Nothingness is included in the question of being, as the Seinsfrage indicates:

why are there beings at all, and why not rather nothing? What is interesting in this construction for Heidegger is the possibility that there could be another decision regarding beings: that they may not have existed at all and yet, curiously, they do. This use of the nothing to highlight the disclosure of beings is a development of a theme already existing in Heidegger’s thought at least as early as 1919. In the lecture course, The Idea of Philosophy and the Problem of Worldview, Heidegger expresses an early form of the Seinsfrage in terms of the question, ‘Is there something?’ The question lacks the appendage

‘nothing;’ however, it is already laid out in relation to a ‘lived experience’

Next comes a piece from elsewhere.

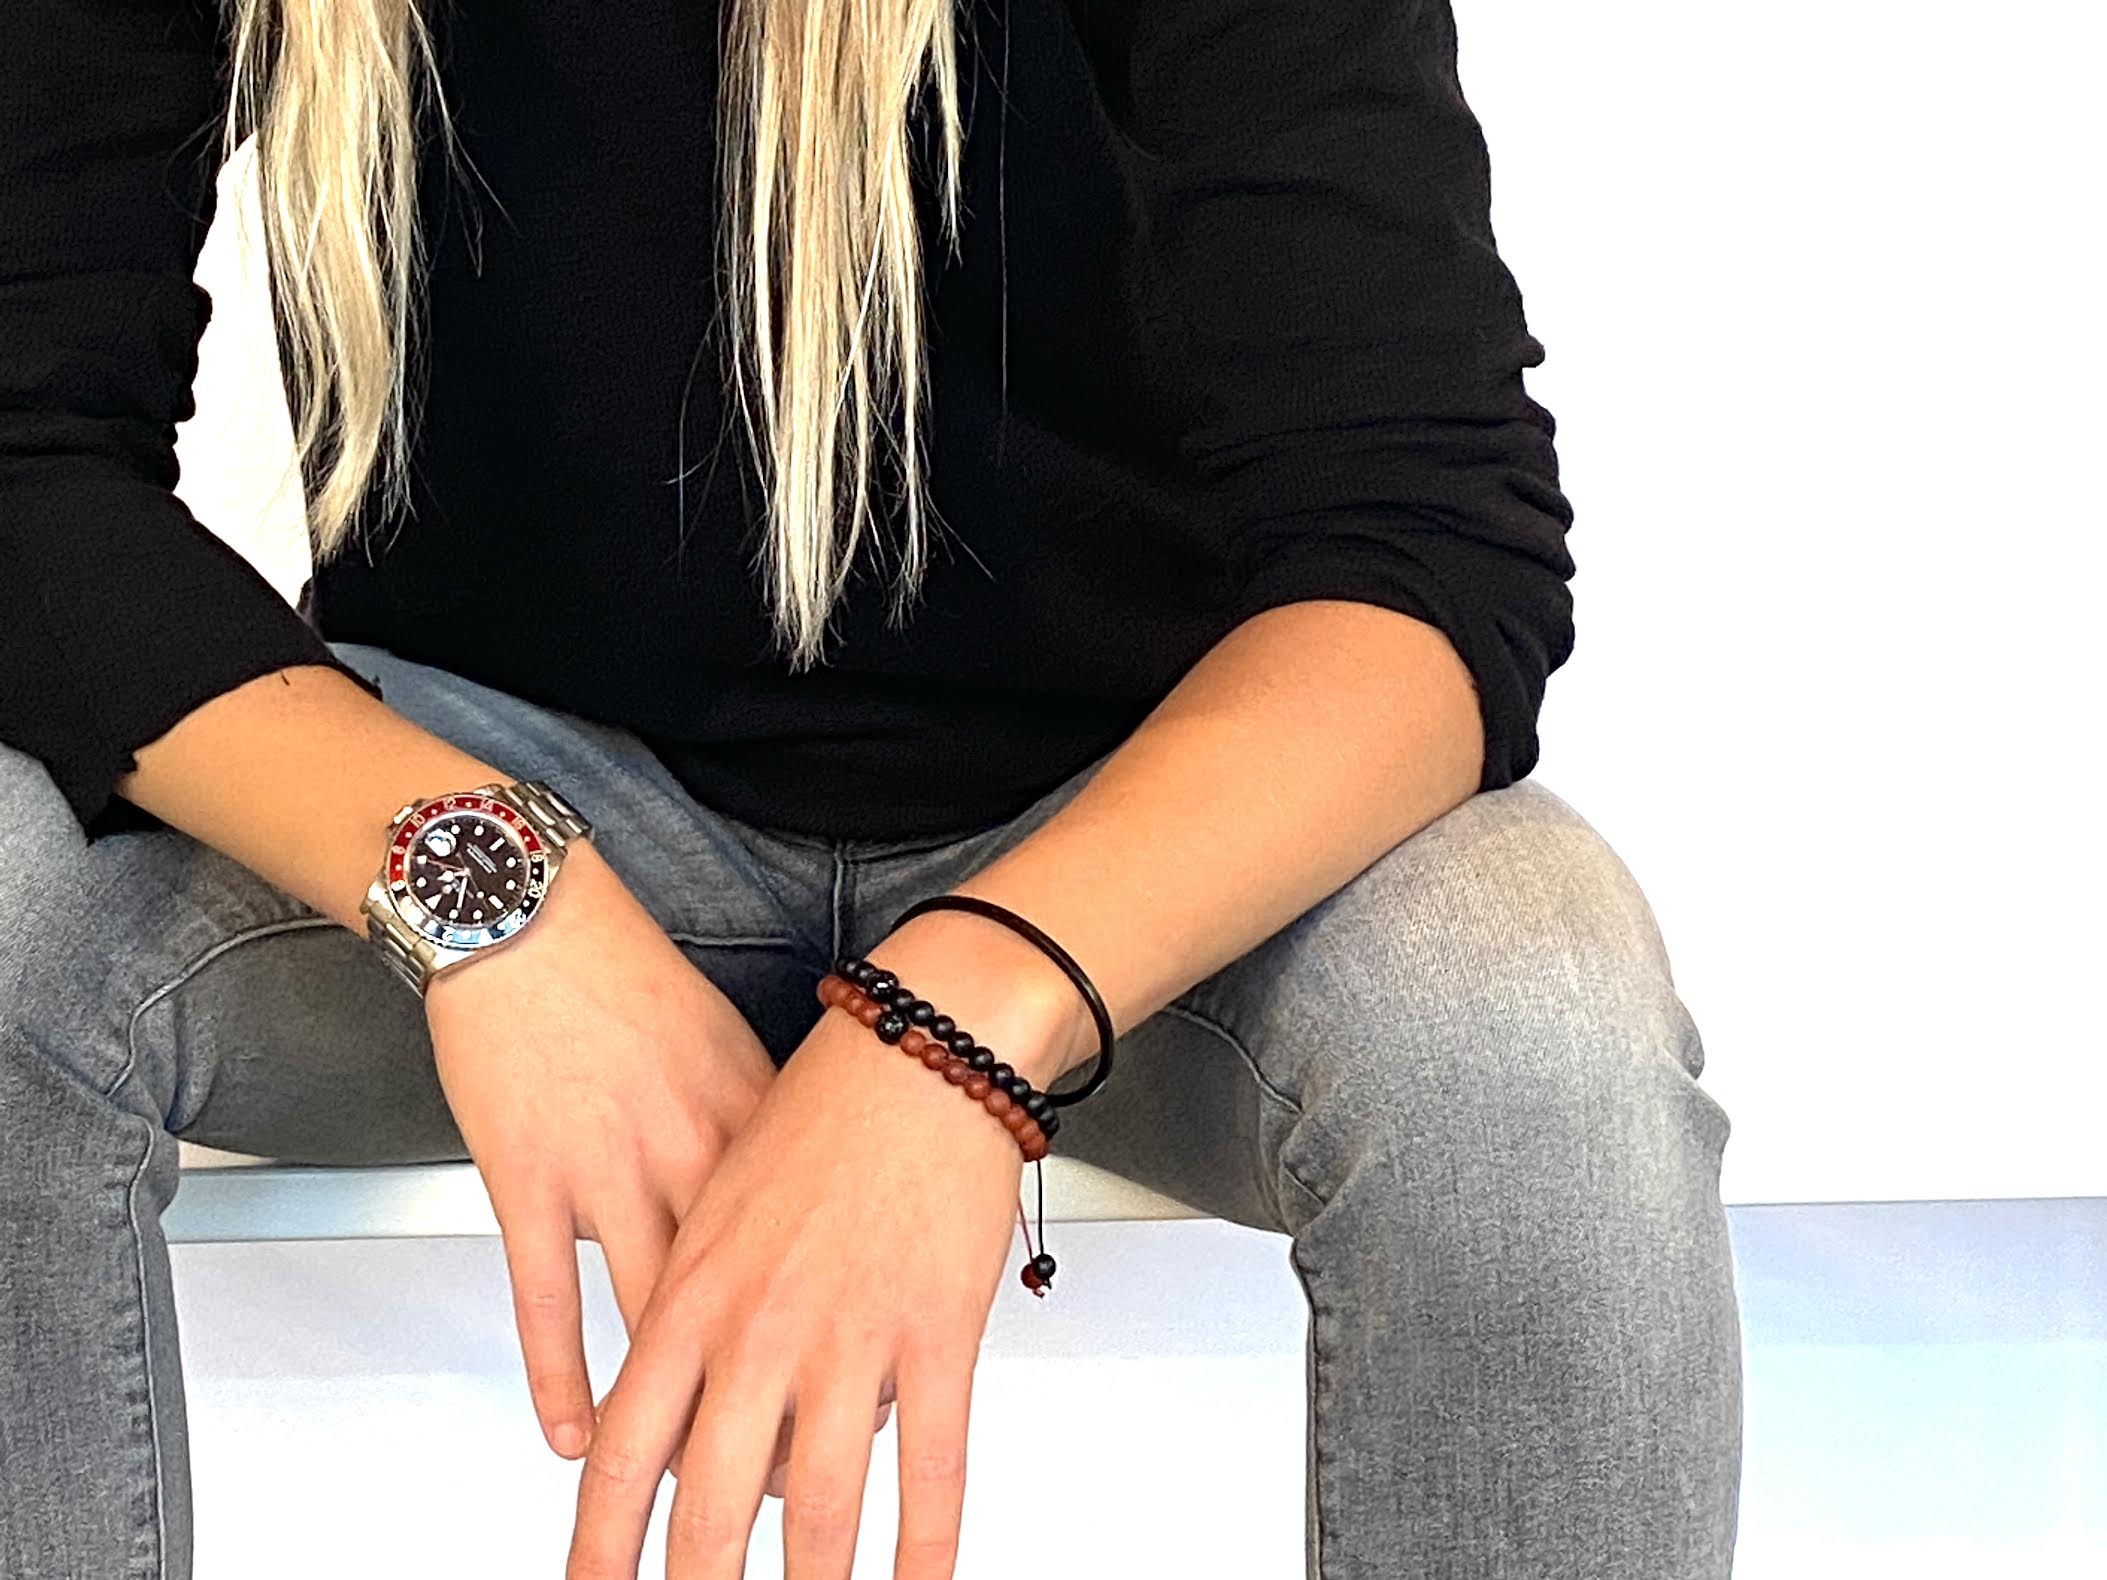 Carnelian symbolizes bold energy, warmth, and a joy that lingers. This popular beaded bracelet is accented with a single carved black onyx dragon bead for a cool, confident look. Hand knotted adjustable cord for a perfect fit. Made by WristBend

(Erlebnis): ‘In this experience something is questioned in relation to anything whatsoever. The questioning has a definite content: whether “there is” a something, that is the question. The “there is” (es geben) stands in question, or, more accurately, stands in questioning.’16 However, while the wonder of beings generates in Heidegger the Seinsfrage, Wittgenstein and other logical positivists assert that, ‘This astonishment cannot be expressed in the form of a question.’17 Their quarrel focuses upon the use of the nothing as a meaningless linguistic form that Heidegger utilizes in order to direct philosophy towards a mythical or artistic description of the world – or that which is beyond it. Heidegger disagrees: for although the Seinsfrage presses upon the limits of language the question directs us to the appearance of beings as a whole exactly through highlighting the possible alternative:

nothing. As a term, the nothing is successful in unsettling the logical positivists for the very reason that it cannot be included in a positivist account. Therefore, the word nothing becomes an essential tool for the thinking of being that exceeds metaphysical accounts.